In the Backward Recursion we compute:
$$\beta_t(i) \equiv p\left(\mathbf{y}{t+1: T} \mid s_t=i\right)$$ The base case is: $$\beta_T(i)=1$$ The recursive case is: $$\beta_t(i)=\sum{j=1}^K A_{i j} p\left(\mathbf{y}{t+1} \mid s{t+1}=j\right) \beta_{t+1}(j)$$
From these quantities, we can easily the following useful quantities.

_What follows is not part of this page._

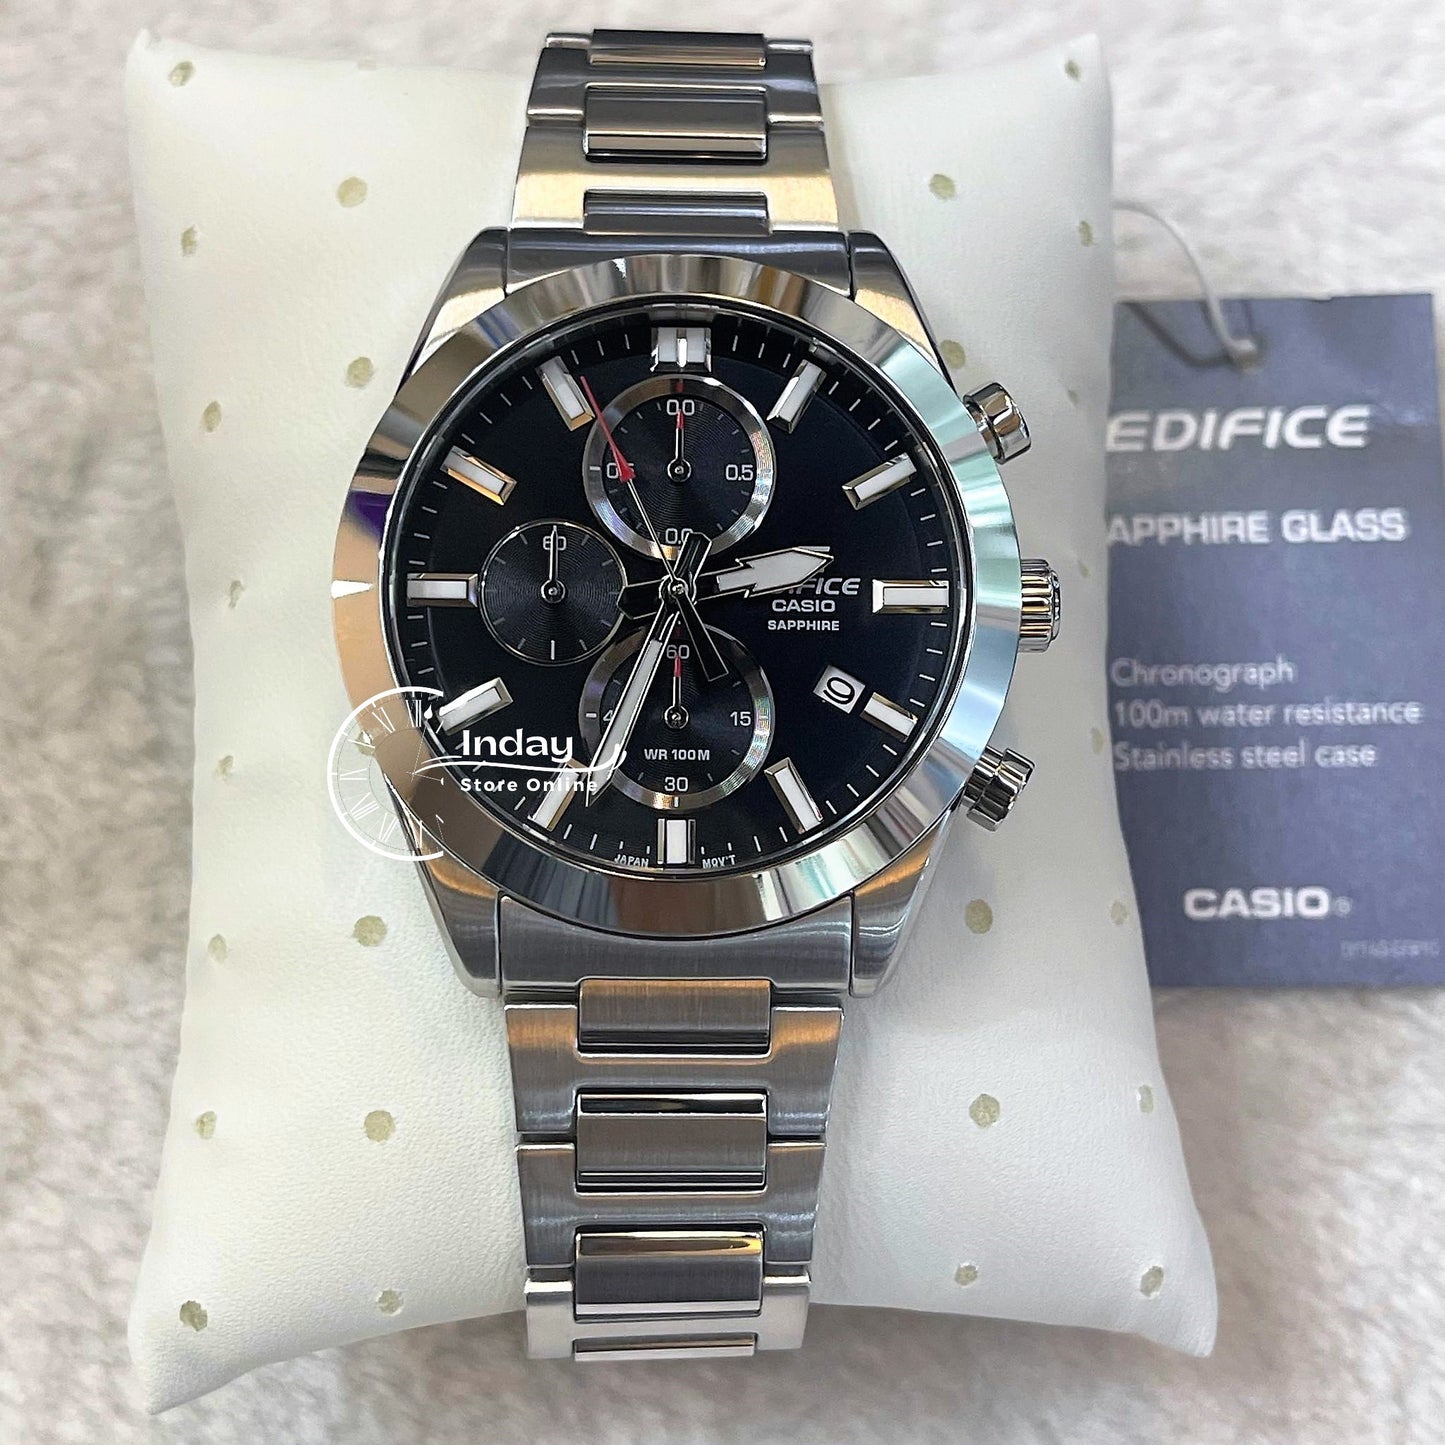 Casio Edifice Men's Watch EFB-710D-1A
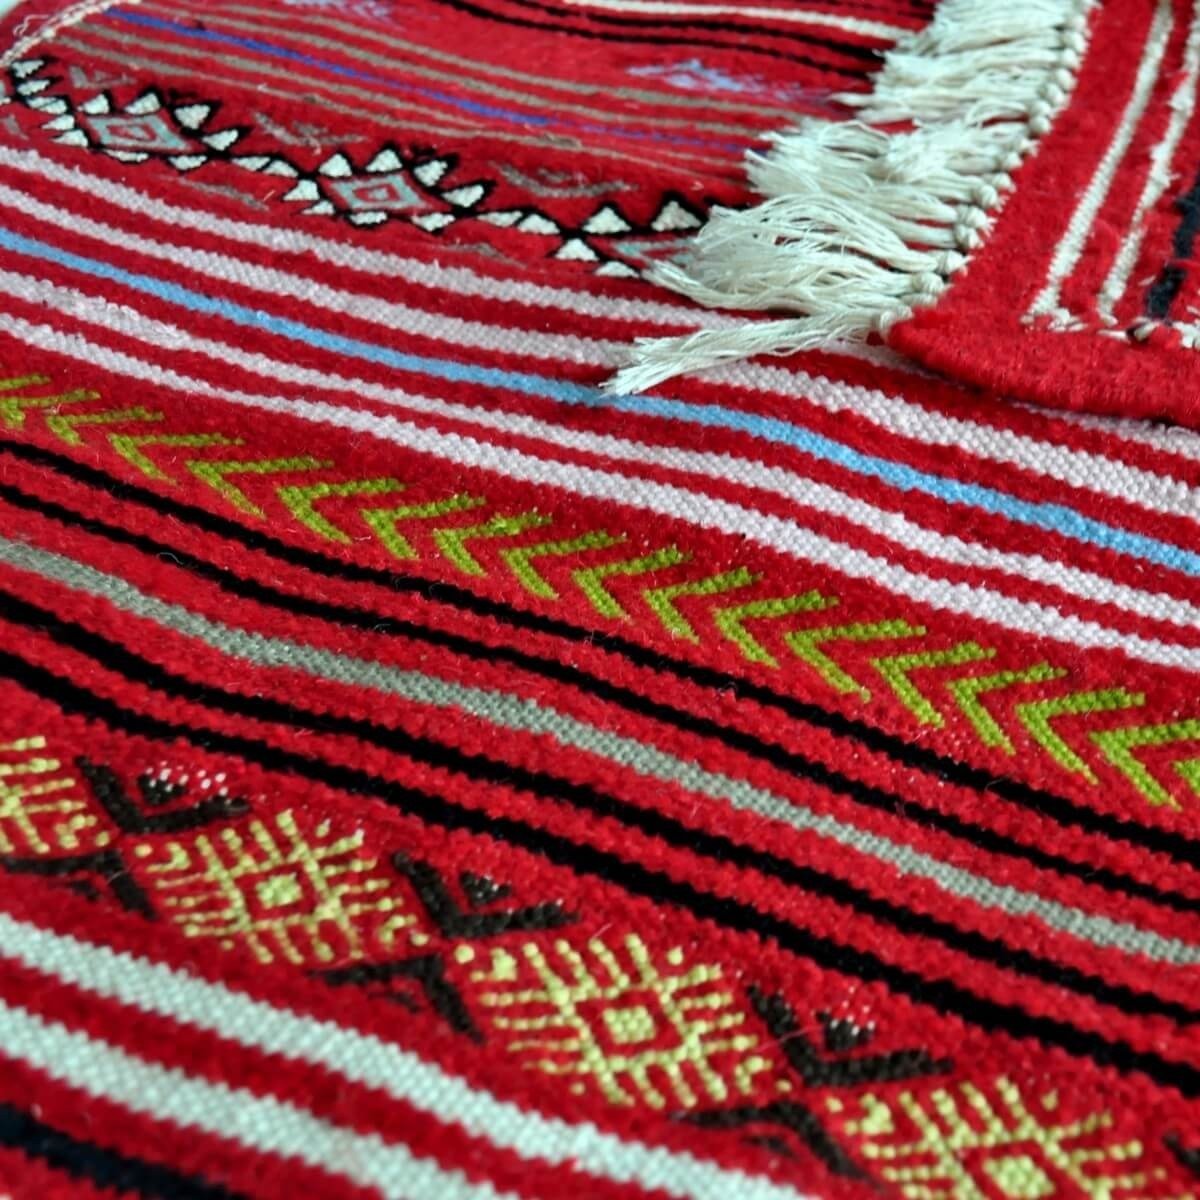 Berber tapijt Tapijt Kilim lang Aljerid 75x195 Rood (Handgeweven, Wol, Tunesië) Tunesisch kilimdeken, Marokkaanse stijl. Rechtho

## 计算机代写|机器学习代写Machine Learning代考|Viterbi Algorithm

$$s 1: T^*=\arg \max s 1: T P\left(s_{1: T} \mid \theta, \mathbf{y}{1: T}\right)$$ 天真的方法是简单地枚举每一个可能的状态序列，然后选择一个最大化上述条件概率的状态序列。既然有 $K^T$ 可能的状态序列，这 种方法对于多于几个步褧的序列显然是不可行的。 幸运的是，我们可以利用马尔可夫属性百有效地执行此计算。维特比算法是一种寻找最可能状态序列的动态规划方法 $s{1: T} T$ 给予 $\theta$ 和 一系列观倧 $\mathbf{y} 1: T$. 我们首先为每个状态和每个时间步定义以下数量:
$$\delta_t(i) \equiv \max s_{1: t-1} p\left(s_{1: t-1}, s_t=i, \mathbf{y}{1: t}\right)$$ (从今以后，我们省略 $\theta$ 为简洁起见，从这些等式中得出。) 这个数量告诉我们最有可能的序列到时间的可能性 $t$ 结束于状态 $i$, 给定 时间的数据 $t$. 我们将递归地计算这个数量。基本情况很简单: $$\delta_1(i)=p\left(s_1=i, \mathbf{y} 1\right)=p\left(\mathbf{y}_1 \mid s_1=i\right) P\left(s_1=i\right)$$ 对全部i. 達归情况是: $$\delta_t(i)=\max s{1: t-1} p\left(s_{1: t-1}, s_t=i, \mathbf{y} 1: t\right) \quad=\max s_{1: t-2}, j p\left(s_t=i \mid s_{t-1}=j\right) p\left(\mathbf{y} t \mid s_t=i\right) p\left(s 1: t-2, s_{t-1}=j, \mathbf{y} 1: t-1\right)=p\left(\mathbf{y}_t \mid s_t=\right.$$

## 计算机代写|机器学习代写Machine Learning代考|The Forward-Backward Algorithm

$$\alpha_t(i) \equiv p\left(\mathbf{y}{1: t}, s_t=i\right)$$ 基本情况是: $$\alpha_1(i)=p\left(\mathbf{y}_1 \mid s_1=i\right) p\left(s_1=i\right)$$ 递归情况是: $$\alpha_t(i)=\sum_j p\left(\mathbf{y} 1: t, s_t=i, s t-1=j\right) \quad=\sum_j p\left(\mathbf{y} t \mid s_t=i\right) P\left(s_t=i \mid s t-1=j\right) p(\mathbf{y} 1: t-1, s t-1=j)=p\left(\mathbf{y} t \mid s_t=i\right) \sum j=1^K A_j$$ 请洼意，这与 Viterbi 算法相同，除了最大化j已被求和取代。 在反向遅帅，我们计算: $$\beta_t(i) \equiv p\left(\mathbf{y} t+1: T \mid s_t=i\right)$$ 基本情况是: $$\beta_T(i)=1$$ 道归情况是: $$\beta_t(i)=\sum j=1^K A{i j} p(\mathbf{y} t+1 \mid s t+1=j) \beta_{t+1}(j)$$

## MATLAB代写

MATLAB 是一种用于技术计算的高性能语言。它将计算、可视化和编程集成在一个易于使用的环境中，其中问题和解决方案以熟悉的数学符号表示。典型用途包括：数学和计算算法开发建模、仿真和原型制作数据分析、探索和可视化科学和工程图形应用程序开发，包括图形用户界面构建MATLAB 是一个交互式系统，其基本数据元素是一个不需要维度的数组。这使您可以解决许多技术计算问题，尤其是那些具有矩阵和向量公式的问题，而只需用 C 或 Fortran 等标量非交互式语言编写程序所需的时间的一小部分。MATLAB 名称代表矩阵实验室。MATLAB 最初的编写目的是提供对由 LINPACK 和 EISPACK 项目开发的矩阵软件的轻松访问，这两个项目共同代表了矩阵计算软件的最新技术。MATLAB 经过多年的发展，得到了许多用户的投入。在大学环境中，它是数学、工程和科学入门和高级课程的标准教学工具。在工业领域，MATLAB 是高效研究、开发和分析的首选工具。MATLAB 具有一系列称为工具箱的特定于应用程序的解决方案。对于大多数 MATLAB 用户来说非常重要，工具箱允许您学习应用专业技术。工具箱是 MATLAB 函数（M 文件）的综合集合，可扩展 MATLAB 环境以解决特定类别的问题。可用工具箱的领域包括信号处理、控制系统、神经网络、模糊逻辑、小波、仿真等。